# Their solution



## Militant_Tiger (Feb 23, 2004)

In recent weeks I have noticed just how backwards the conservatives are these days. When I first really noticed this was with the Class Action Suit bill in the house right now. It seems that the conservatives see a real problem, and find a solution that does nothing to solve the original problem. In this case the problem is suits initiated by lawyers on false pretences to earn money, not to protect the citizens. What is the conservative answer? Their solution is to move the suits from the state courts to the federal courts, such that energy companies and the like get to face a judge which they know will sympathize with them, and has not personally experienced the harm they have caused. This does absolutely nothing to solve the problem of the false suits, it just gives another edge to big business over the citizens. A few other cases of this are the Iraqi war, in which we went to a majorly non-terrorist affiliated country to root out terrorists (of which we found few if any), and then changed the supposed purpose of the operation to appease the majority of the country. Yet another is social security. The conservatives see another real problem, a dying system.
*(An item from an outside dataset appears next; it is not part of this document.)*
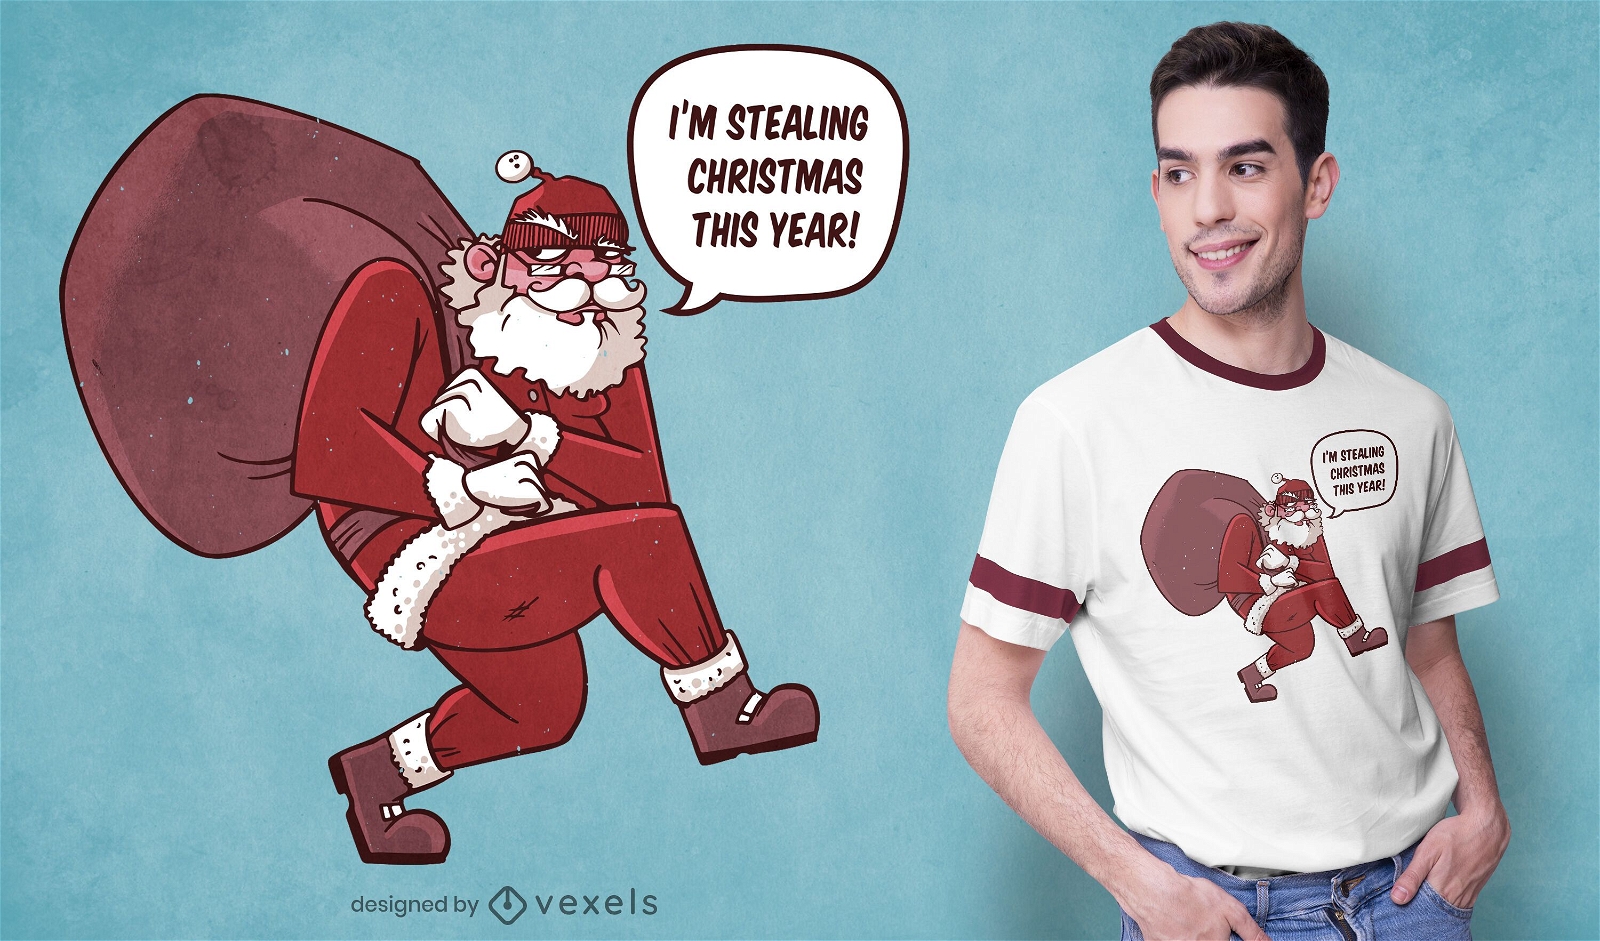 Stealing santa t-shirt design

Their solution? You invest your money until retirement age, then give it to us, and we dole out less than regular social security would, just another case where the conservatives give citizens the shaft.


----------



## adokken (Jan 28, 2003)

Maybe this was to protect the Grace Company from the lawsuits by citizens in Libby, Montana. Madtrapper


----------



## Plainsman (Jul 30, 2003)

adokken

Was that just a damage Bush any way you can because your a sore looser, or do you really believe what you said? Perhaps you just like getting MT worked up, that is humorous. It is so patently unrealistic to the average person that I am curious why you said it.


----------